Auchtermuchty ( ; , 'upland of the pigs/boar') is a town in Fife, Scotland. It is beside Pitlour Hill and  north of Glenrothes.

History

Until 1975 Auchtermuchty was a royal burgh, established under charter of King James V in 1517. There is evidence of human habitation in the area dating back over 2,000 years, and the Romans are known to have established a camp in the southeast corner of the town. In the past, the linen industry was a major source of work in the town, but in the early 18th century the firm of John White was established, bringing the town its first foundry (there were two eventually). The town also had a distillery - Stratheden Whisky Distillery, set in the town centre - from 1829 to 1926, but it had to close when Prohibition in the United States drastically reduced the demand for its products. 

As in many parts of Fife, there is much evidence of the impact of both World Wars on the village. To the north east of the town, a concrete observation platform was built on what is thought to be a long used site of strategical and defensive importance, as it overlooks the entire village and the remains of earlier walls and structures are evident. During the Second World War the flat farmland of the glacial valley in which Auchtermuchty sits made a prime target for glider landings in the event of an invasion.

Buildings

The old part of the town is based around a hill. The twisting streets here have a wealth of buildings dating from the 17th and 18th century, centred on Auchtermuchty Town House (now used as the town library).

The church (on the east side of the hill) is a simple Georgian box chapel, but with an interesting double bell within its western bellcote. Gravestones date back to the 17th century. A more modern cemetery dating from around 1910 lies to the south-east of the town, partly concealed by industrial units.

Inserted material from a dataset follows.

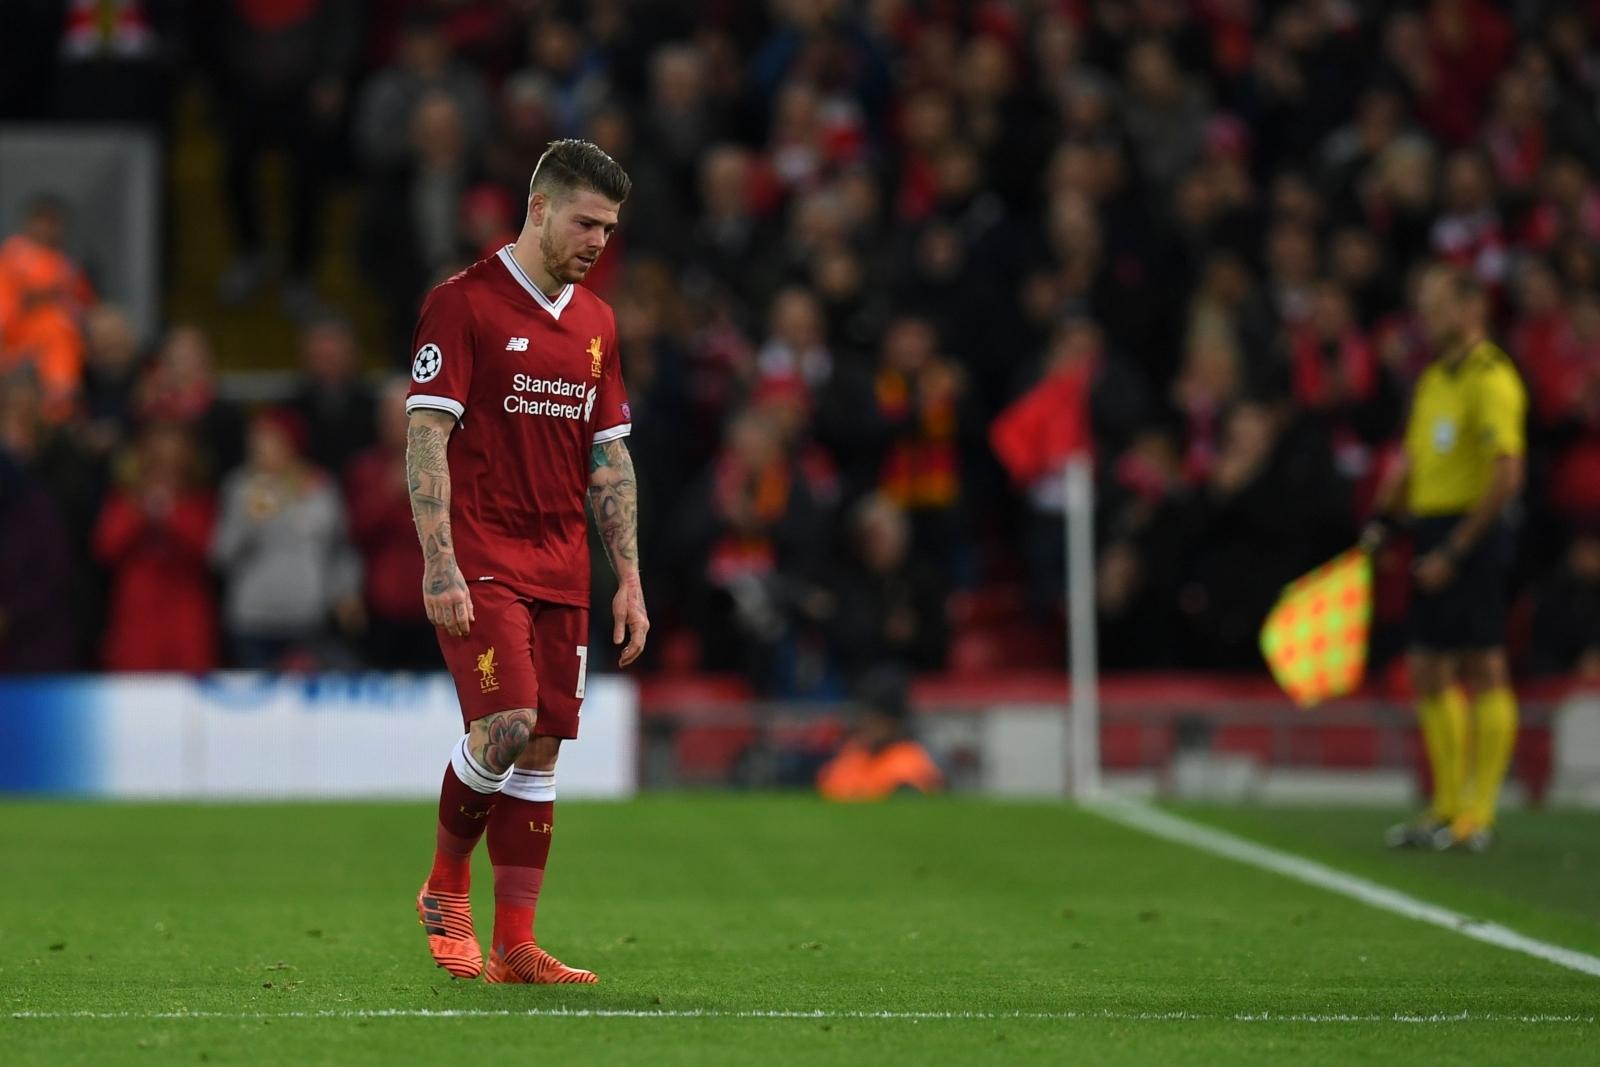 Henderson has 'hardest job in football' as Liverpool skipper

Maps from the mid-19th century show no less than five churches in use at one time.

The war memorial, designed by the architect Reginald Fairlie, portrays a Scottish soldier with head bowed.

Amenities
Auchtermuchty Golf Club (now defunct) was founded in 1902. The club ceased to exist following the Second World War.

Cultural references
Auchtermuchty was the setting of "The Wife of Auchtermuchty", a comic Scots poem of the late Middle Ages.
 
The town was used as the location for Tannochbrae in the 1990s ITV series Dr. Finlay.

The town's church is mentioned in James Hogg's The Private Memoirs and Confessions of a Justified Sinner, as was Herald Law, a hill to the north of the village, in an area known historically as "The Holy Land".

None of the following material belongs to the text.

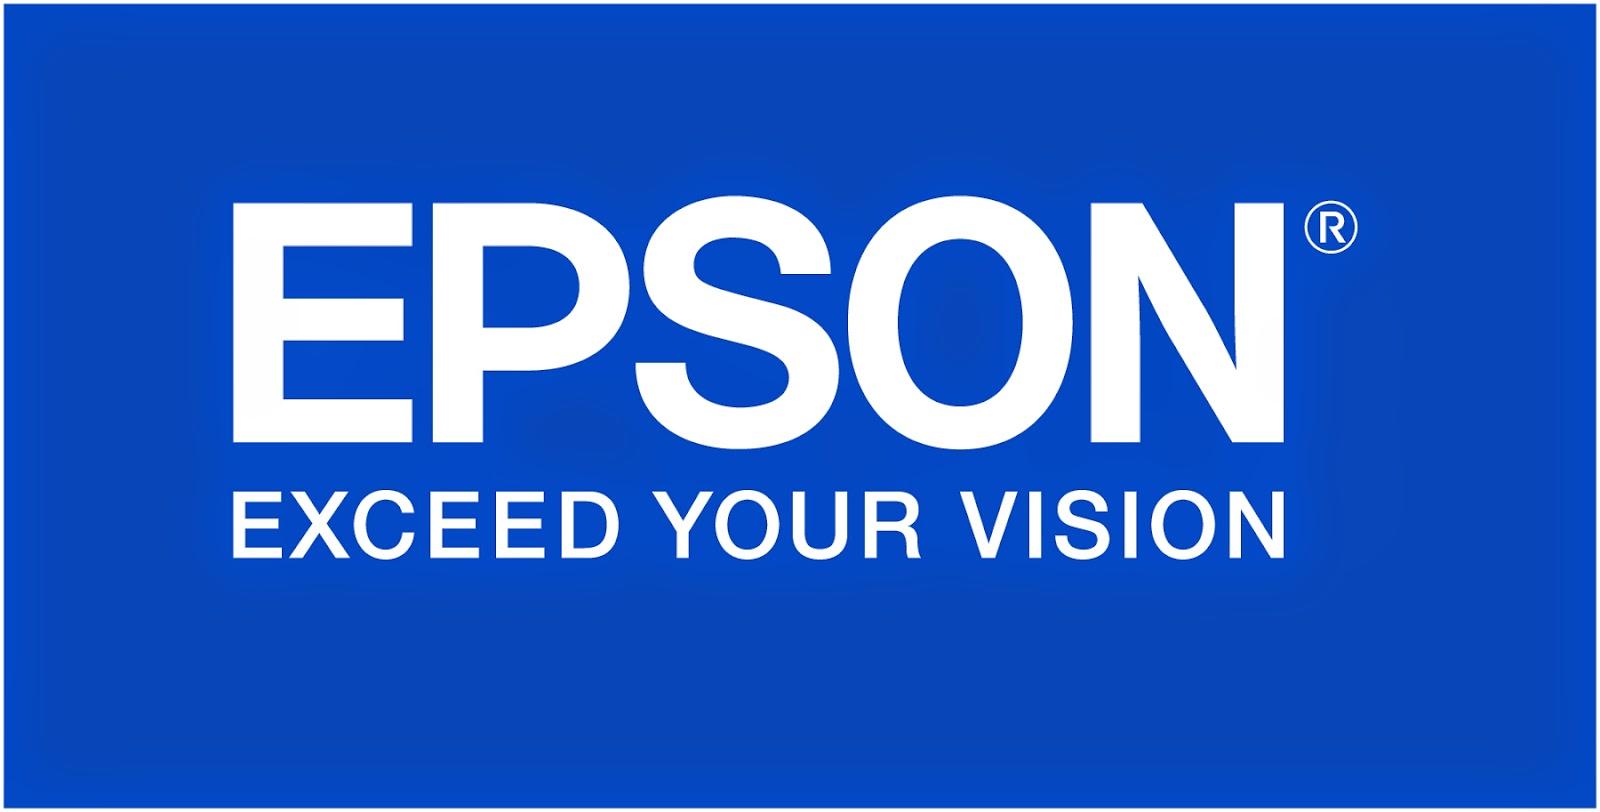 Lowongan Kerja Terbaru Cikarang Selatan PT. Epson Industry Untuk Lulusan SMA/SMK Sederajat

In The Family Ness theme song, "You'll Never Find A Nessie In The Zoo", the refrain states "You can go to Auchtermuchty and to Drumnadrochit too, but you'll never find a Nessie in the zoo".

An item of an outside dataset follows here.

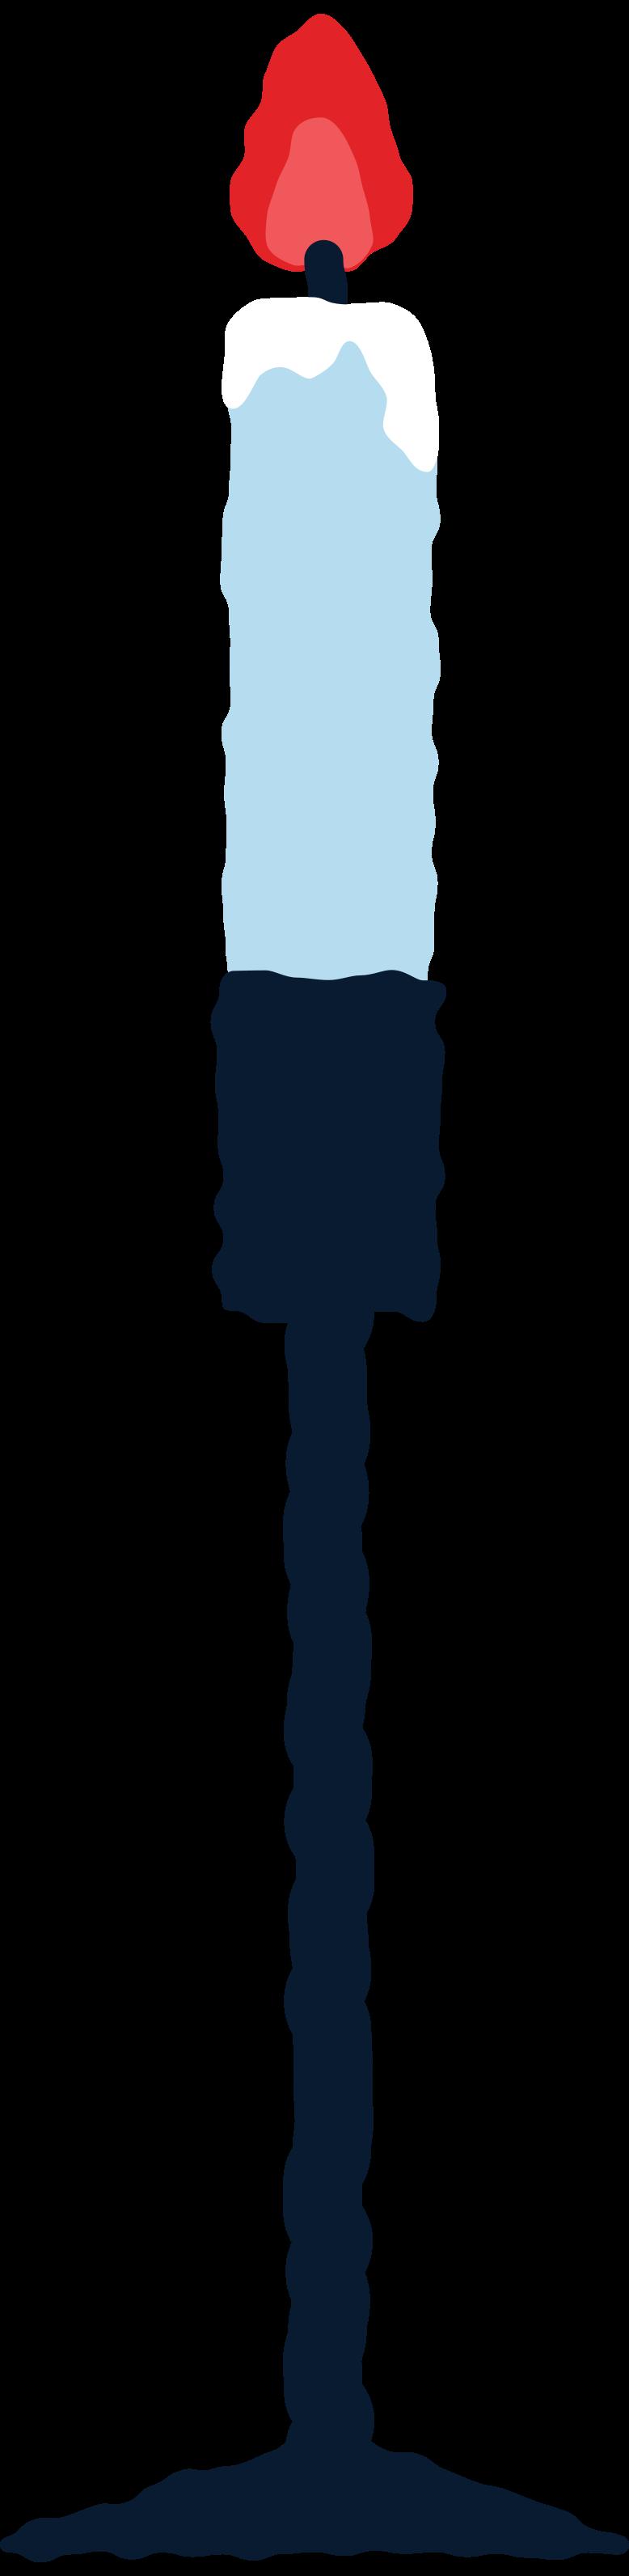 candle in chandelier short Clipart illustration in PNG, SVG

Auchtermuchty was often referred to by John Junor in the Daily Express: "John Junor's editorial approach was simple: articulate the fears and preoccupations of Middle England and liven them up with dollops of hokey Scottish folk wisdom. In his column for the paper, Junor lit upon the small Scottish town of Auchtermuchty and made it into his own personal Brigadoon, a place of solemn courtesy to one's betters and implacable hostility to outsiders."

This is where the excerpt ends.